The BRICS Stand Up: On the IMF Leadership Change

May 25, 2011

The illusion of permanence has kept a powerful hold on global governance.

It has led some to continue to argue for the relevance of the G8, even after it has became readily apparent that G7- or G8-centred international governance arrangements can no longer undertake the necessary measures to contain global economic crises, and despite their questionable usefulness for brokering global security and environmental solutions.  It has caused some to continue to focus on how the traditional players in the international system can set the agenda, and define the priorities for global economic governance.

But fundamental shifts are underway — even if there is a lag effect in global diplomacy.

The latest sign of the global shift came this week when International Monetary Fund (IMF) directors for the five key so-called "emerging countries" issued their first joint statement, saying it was time to end the "obsolete unwritten convention" that requires the head of the IMF to be from Europe.

In their joint statement, IMF directors for Brazil, Russia, India, China and South Africa (BRICS) criticized European officials for suggesting that the successor to former IMF chief Dominique Strauss-Kahn should continue to be a European.

The BRICS countries urge "abandoning the obsolete unwritten convention that requires that the head of the IMF be necessarily from Europe," and suggest that this practice undermines the legitimacy of the global institution.
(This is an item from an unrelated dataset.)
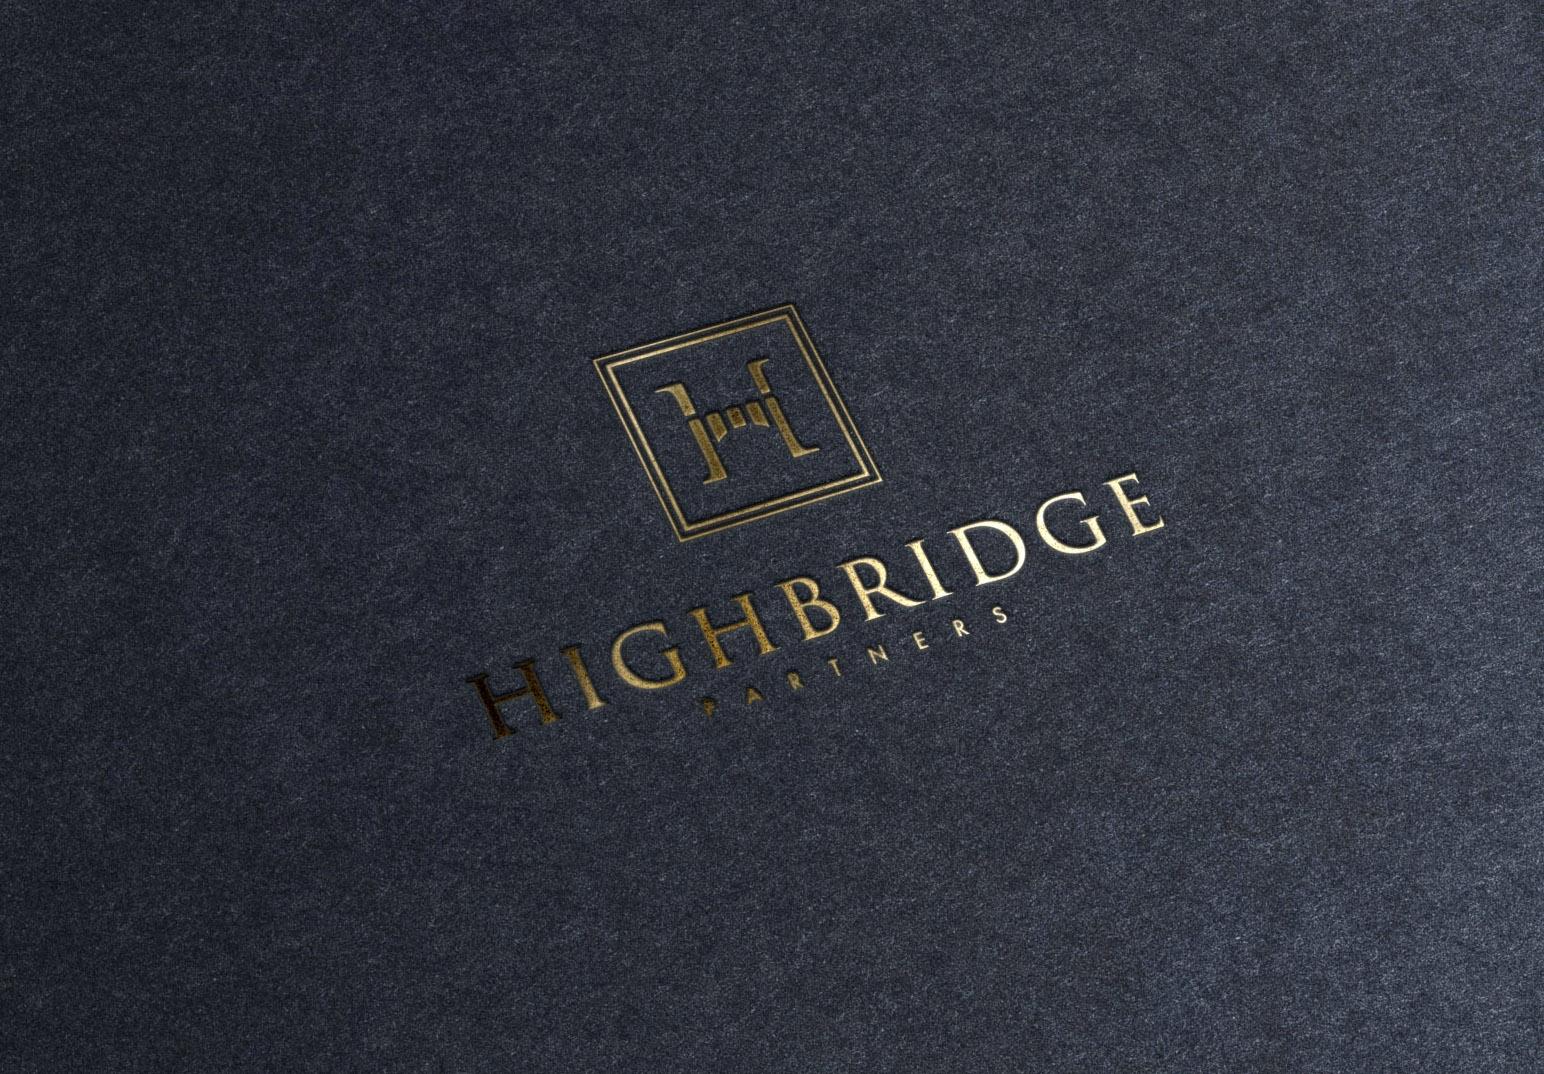 Highbridge Partners London Branding and Identity Design Project

The choice, they say, should be based on competence, not nationality.

Reuters reported that French authorities indicated earlier this week that China backed French Finance Minister Christine Lagarde for the post, but China's foreign ministry had no comment.

In the joint statement, the BRICS nations said that the recent financial crisis, which erupted in developed countries, highlighted the urgent need to reform international financial institutions, including reforms in representation and decision making to reflect the growing clout of developing countries in the world economy.

The BRICS' statement on IMF leadership is a harbinger of things to come. Those who have been paying attention to the current shifts in the global order will appreciate that this move was the logical next step in the evolving global governance scenario unfolding gradually for the past decade, and picking up speed since the outbreak of the 2008−09 financial crisis.

What is especially eye opening is the timing of this current joint criticism from the BRICS.  Their challenge to the impending IMF leadership change comes after the British government issued a very public endorsement of the French candidate, after a number of European countries, including Germany and the European Union, came out in support of the French finance minister, and after Minister Lagarde announced her candidacy.

What has been missed, given the illusion of permanence, is that we are now in the early stages of an interregnum in global governance — an extended transitionary phase, as we move from the end of the old order and the eventual birth of the new.

It is not an accident that the BRICS' joint criticism of the traditional entitlements in the international system comes just as government leaders of the established powers are jetting to France for the G8 summit.

The BRICS challenge comes amid a sensitive time for France, when many domestic voices consider the public handling of the former IMF chief's arrest as an affront to French national honour and, perhaps most important, when the French presidency is heading for the home stretch in preparing for the upcoming G20 summit in Cannes.

For now, the criticism of the BRICS is aimed at European privilege in global affairs. The French will, perhaps, eventually prove successful in wooing Chinese authorities to come onside, this time, to support Minister Lagarde as IMF head. France has, after all, made significant efforts to reach out to Beijing on key issues for the Chinese for the G20, such as international monetary reform and speculation on commodity markets.

An alternative IMF leadership outcome would, moreover, presuppose that the BRICS can settle on a preferred candidate from the developing world, as well as overcome the strong influence which the United States and Europe continue to exercise over the board of the IMF.

However, the assault of the emerging powers on the traditional entitlements of the established powers is only likely to intensify as long as the shift in global economic power continues. The longer-term interest of the BRICS and the general trend is reflected in the comment made last week by China's central bank governor, Zhou Xiaochuan, that the IMF's leadership should reflect the growing stature of the emerging economies and the shift in the world economy.

Goldman Sachs Assets Management has now thrown its influential support behind choosing the next leader of the IMF on the basis of merit: they should be "well versed in the many economic and policy issues that the IMF must handle and lead; and must have a personality that can engage successfully with the many different members to orchestrate change, as well as a better and more balanced world economy. That the leader must not simply be a figurehead of a European and US "deal" to sustain the historic arrangement."(1)

Fortunately, the Group of 20 nations endorsed "an open, transparent, and merit-based selection process" for the heads of the global financial institutions at their April 2009 summit. The test of their commitment to this pledge is still to come.

(1) Source: Jim O'Neill, "IMF Leadership," Viewpoints from the Office of the Chairman. Goldman Sachs Asset Management, May 22, 2011. Available at: wwwqa2.goldmansachs.com/gsam/advisors/education/viewpoints_from_chairman/viewpoints-pdfs/IMF-Leadership.pdf.